Make an exact copy of all the data, pictures excluded.

■ SUPPLIED MATERIAL ■
%%
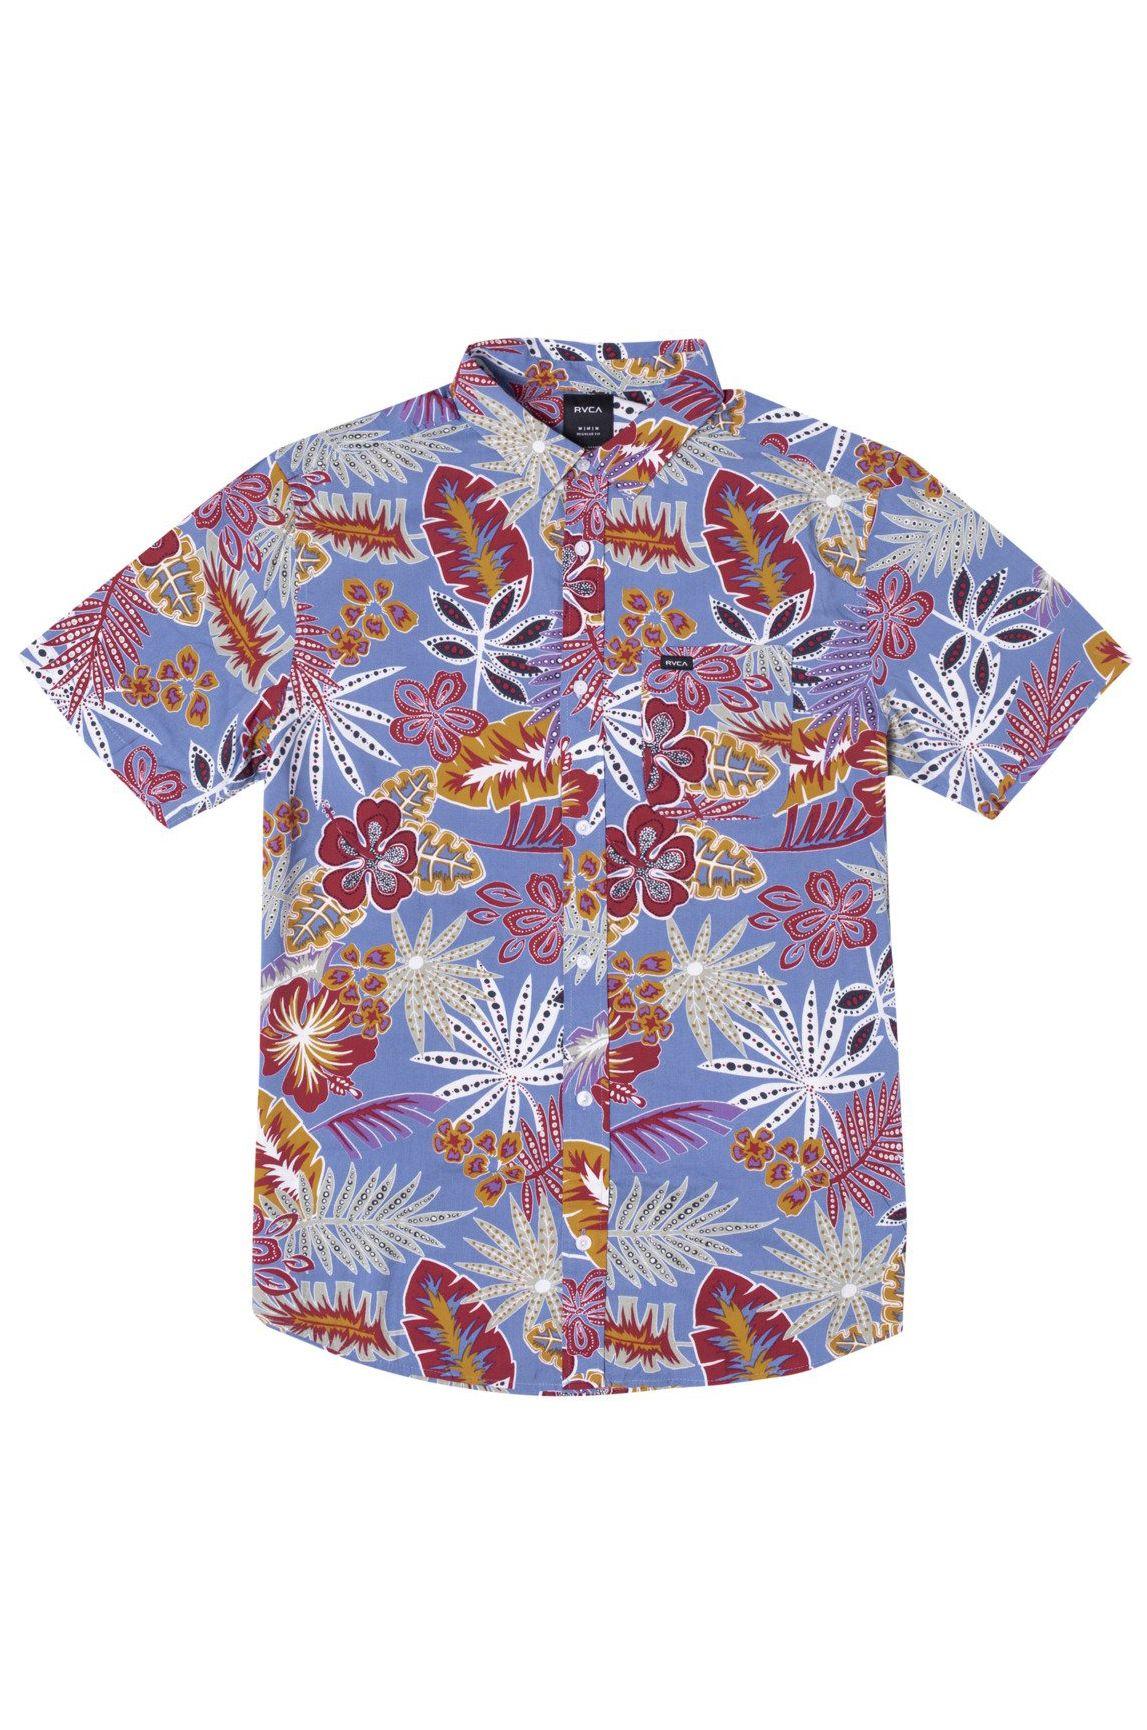 Camisa RVCA SINGAPORE SLING FLOR Floral
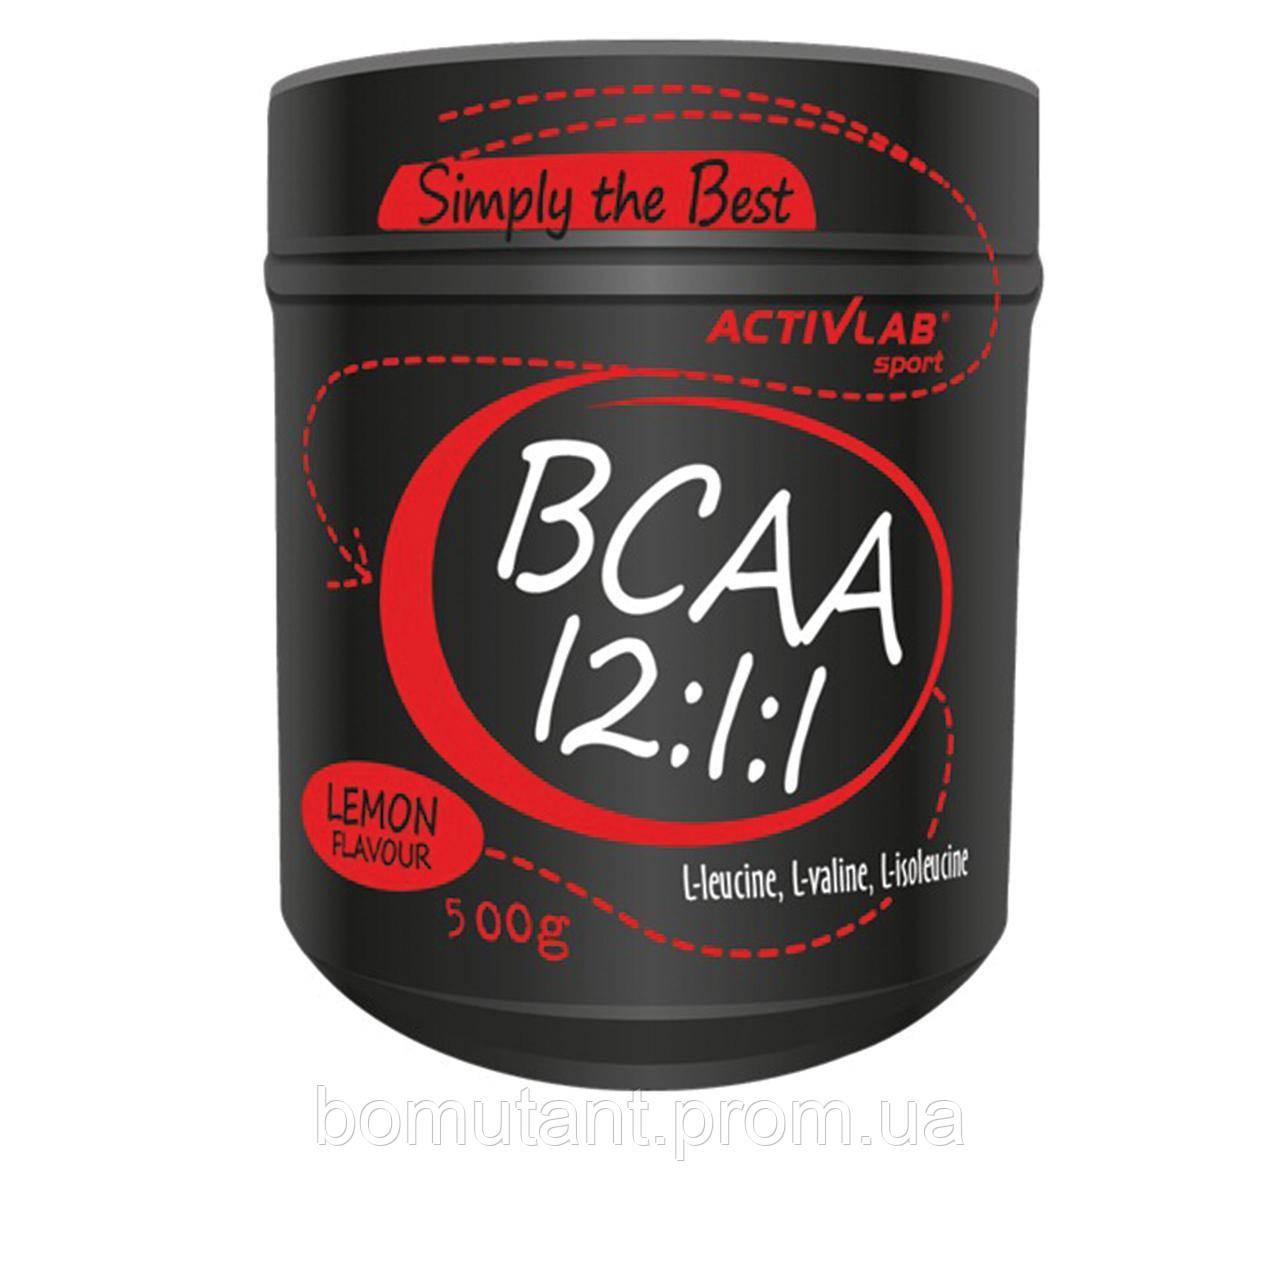 BCAA 12:1:1 500 гр grapefruit Activlab
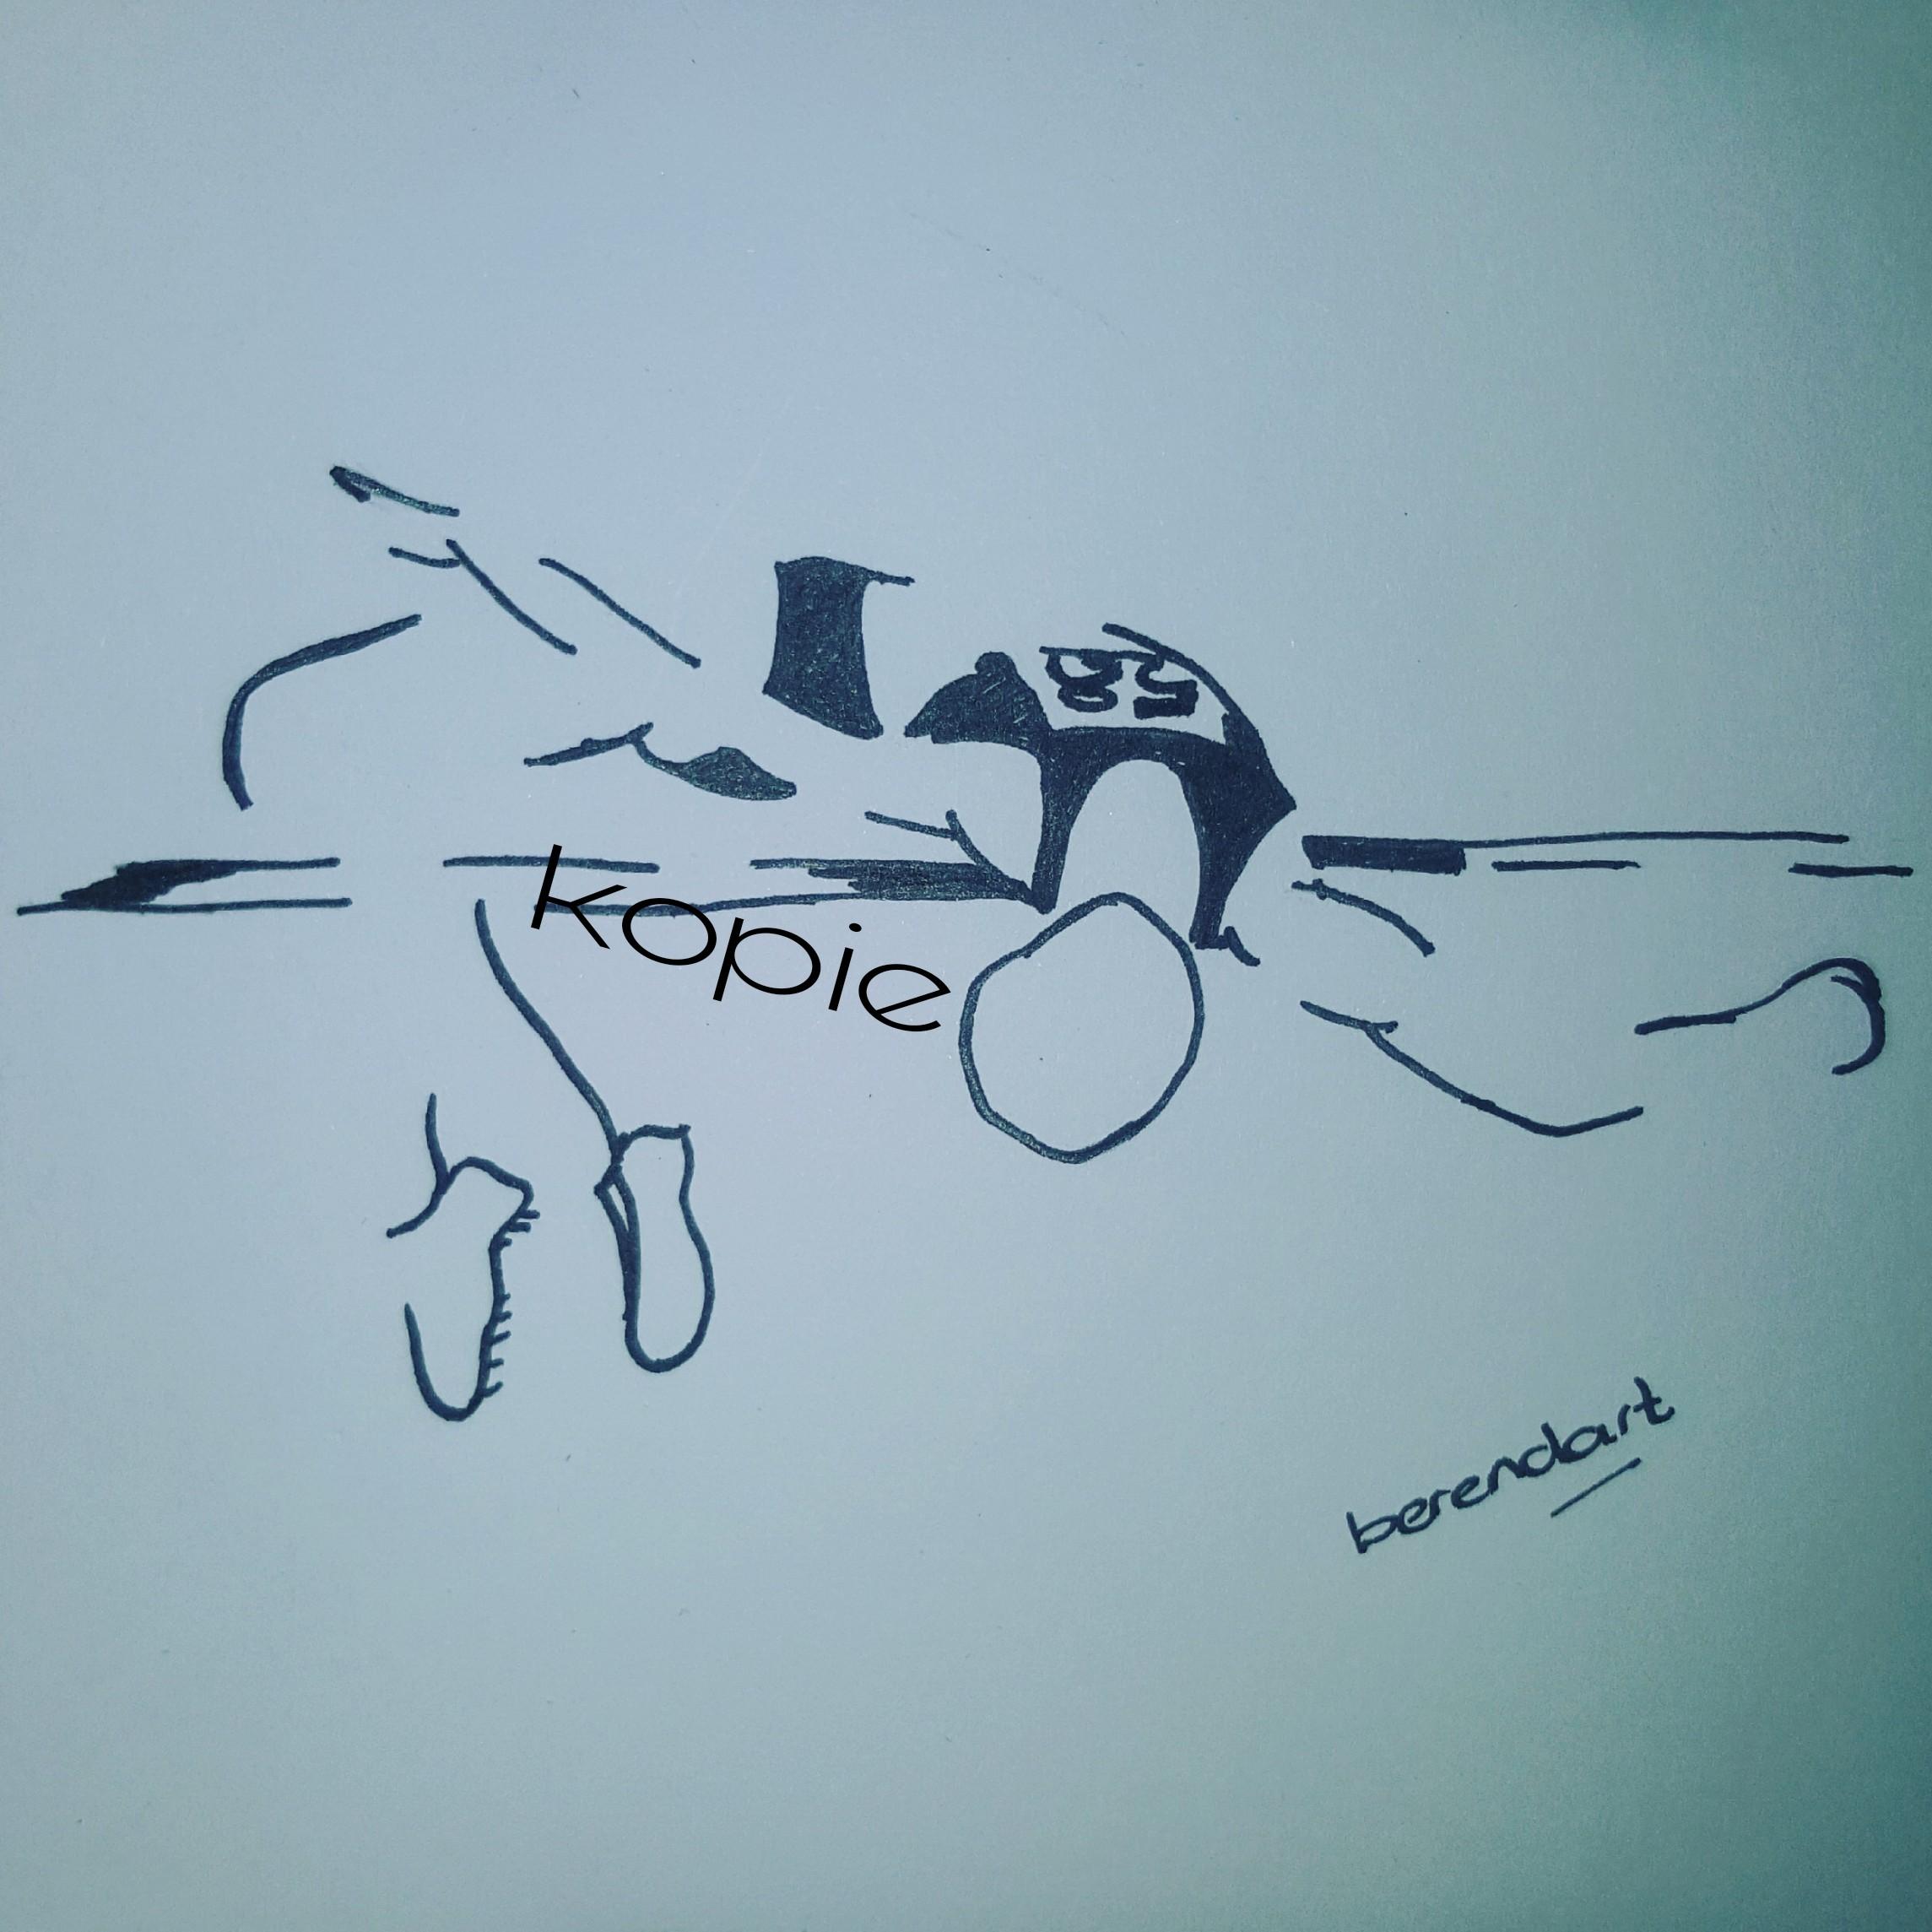 Hoogspringer
%%
■ ANSWER TO THIS TASK ■
 Camisa RVCA SINGAPORE SLING FLOR Floral
 BCAA 12:1:1 500 гр grapefruit Activlab
 Hoogspringer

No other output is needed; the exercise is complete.